_THE PROBLEM_
For this exercise, restate every line below word for word and drop the images.

_DATA_
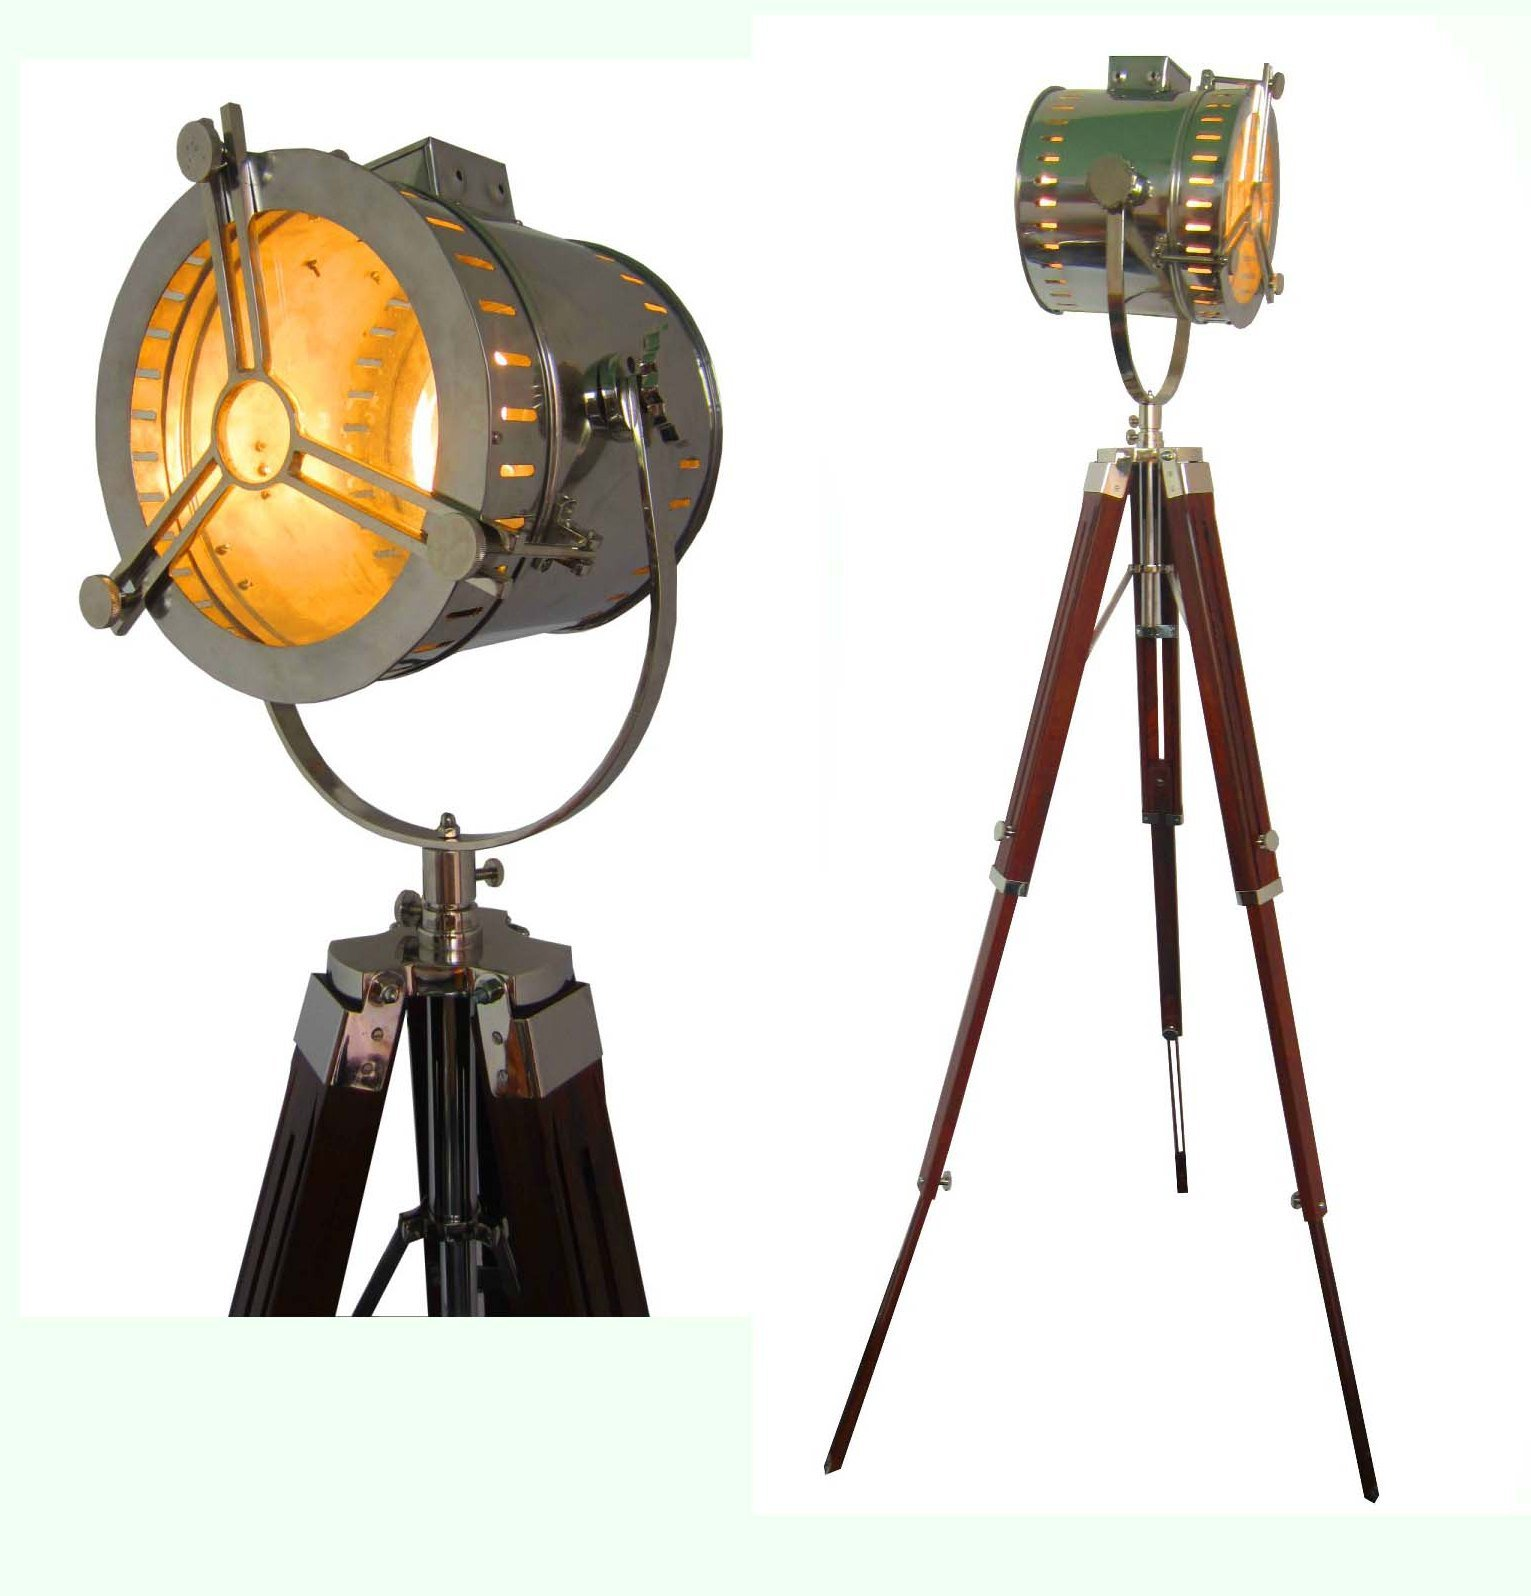 TieetDye Floor Lamp Home Decorative Vintage Design Tripod Lighting Searchlight Spot Light
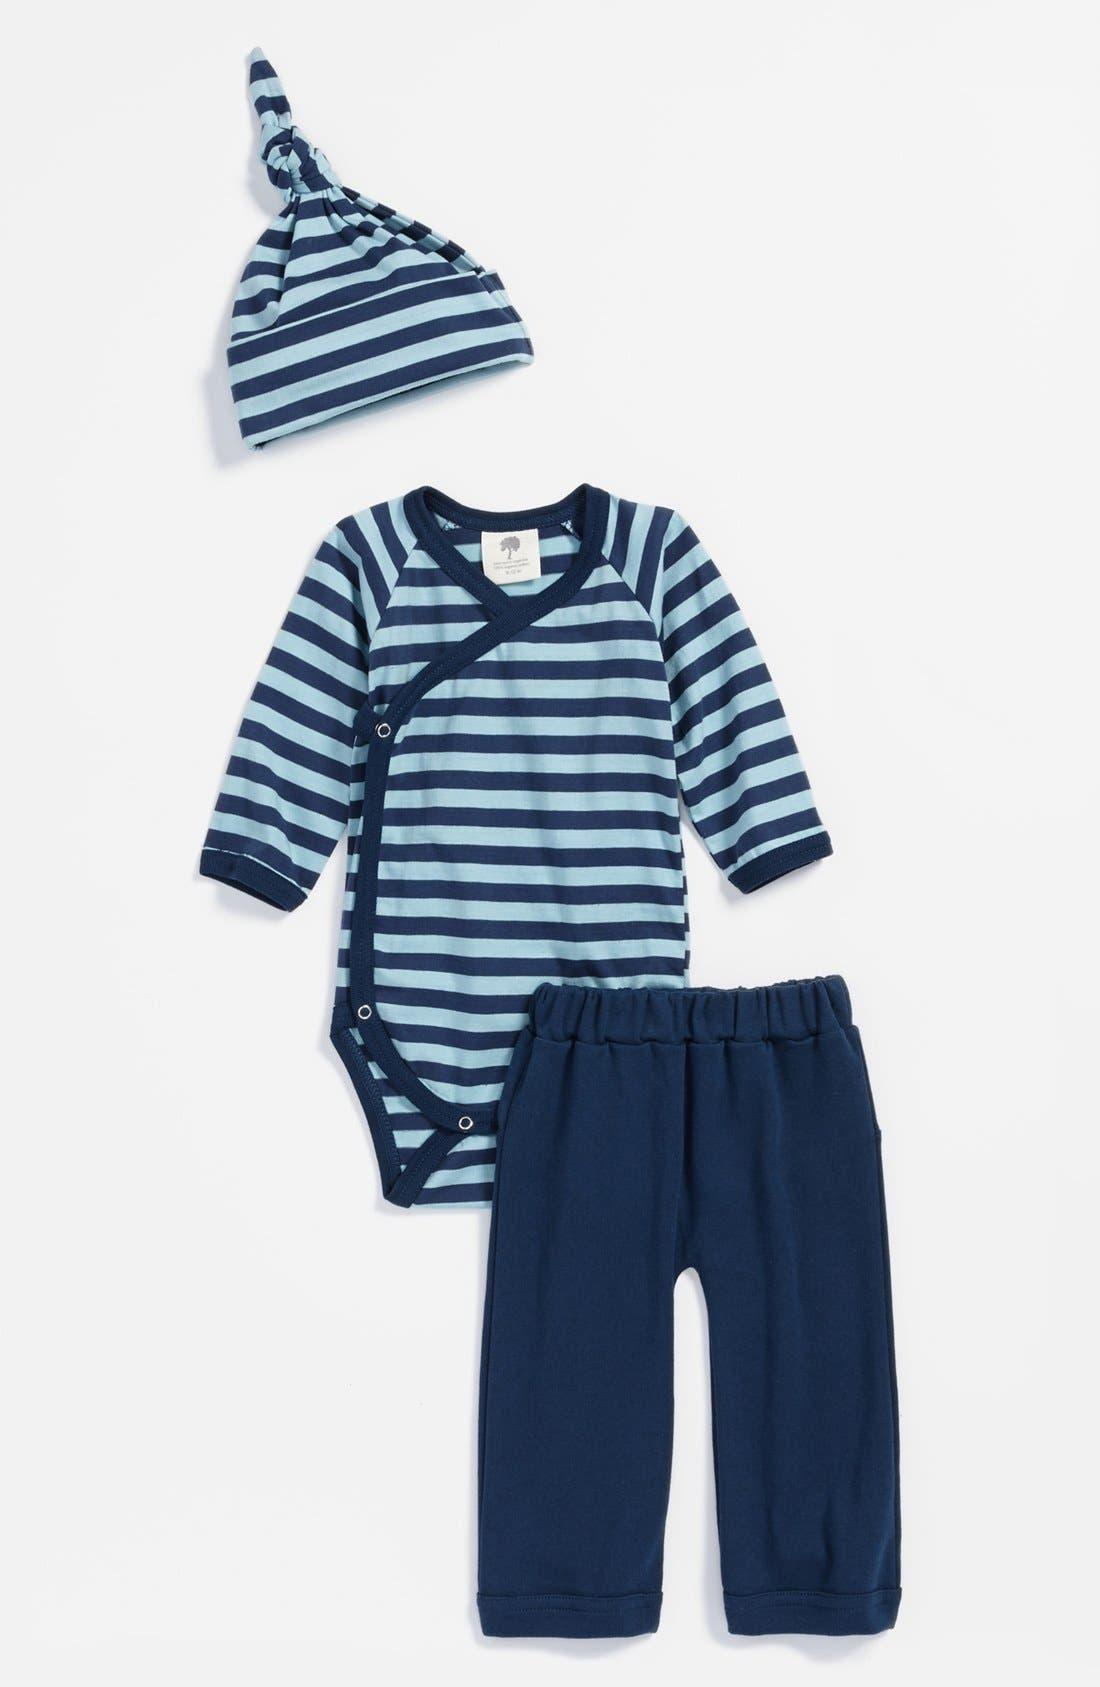 Main Image - Kate Quinn Organics 'Play' Bodysuit, Pants & Hat Set (Baby Boys)
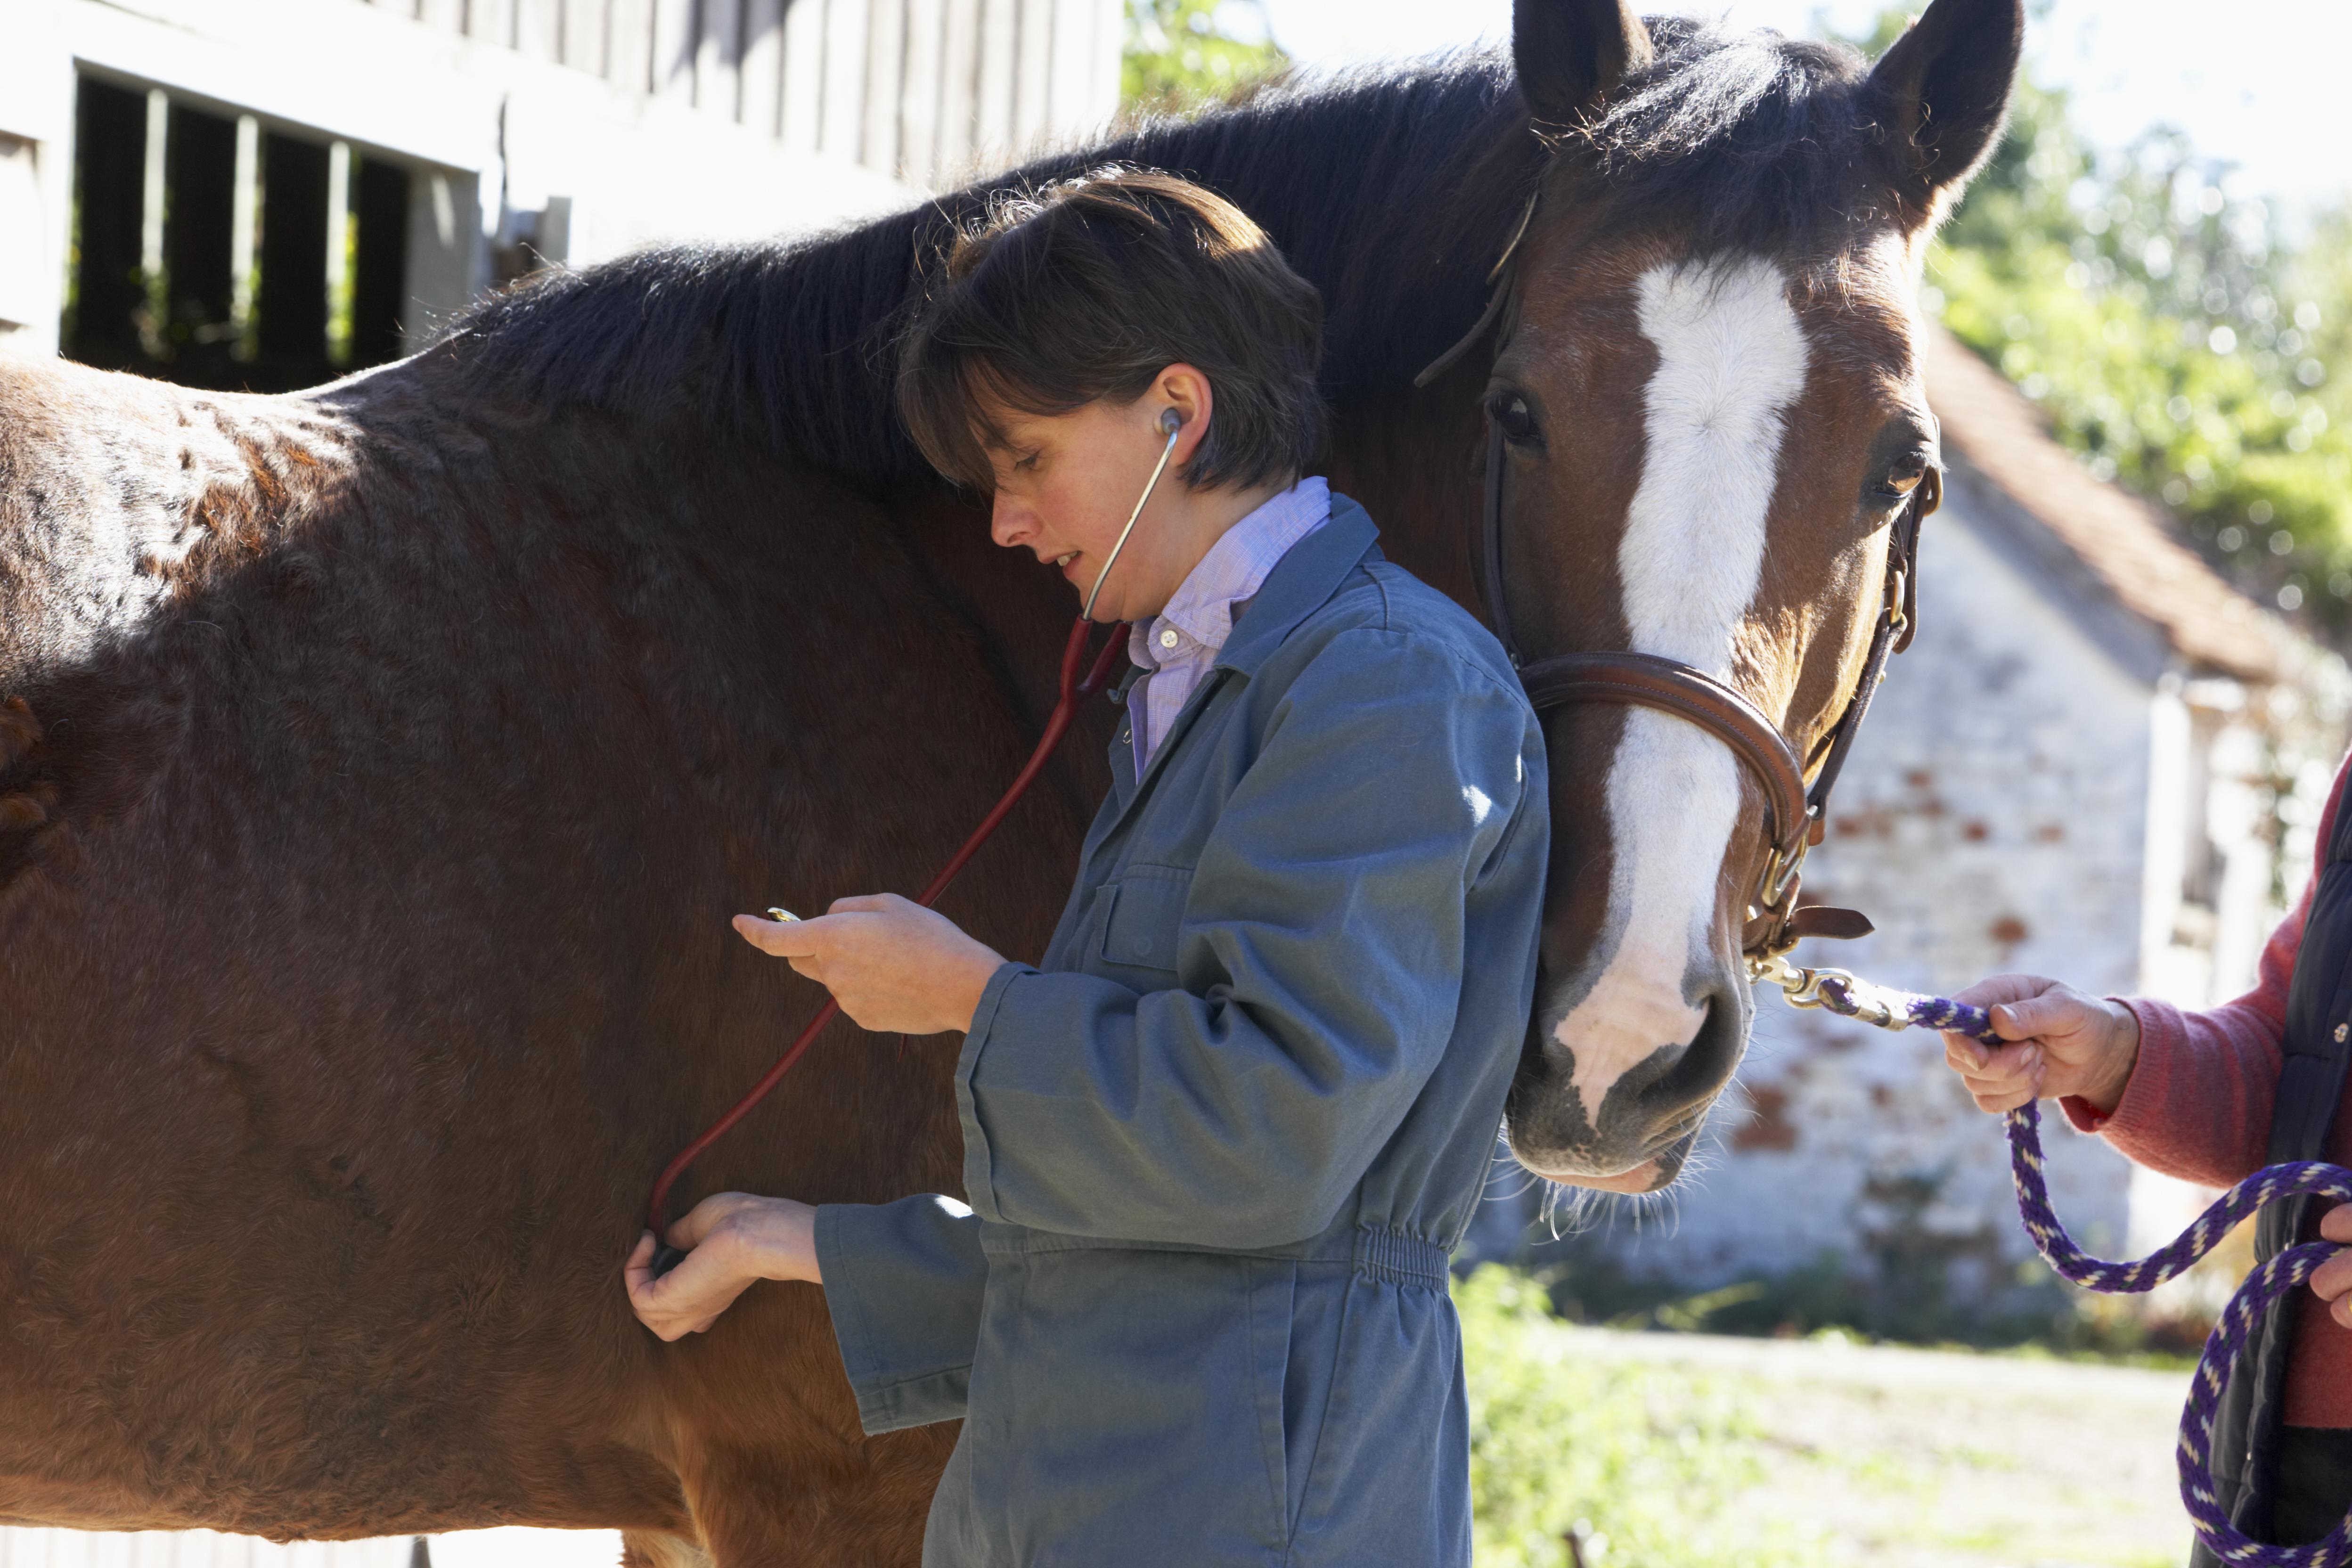 Produtos de desempenho do Kentucky: sinais vitais do seu cavalo 4

_SOLUTION FOR THIS EXERCISE_
 TieetDye Floor Lamp Home Decorative Vintage Design Tripod Lighting Searchlight Spot Light
 Main Image - Kate Quinn Organics 'Play' Bodysuit, Pants & Hat Set (Baby Boys)
 Produtos de desempenho do Kentucky: sinais vitais do seu cavalo 4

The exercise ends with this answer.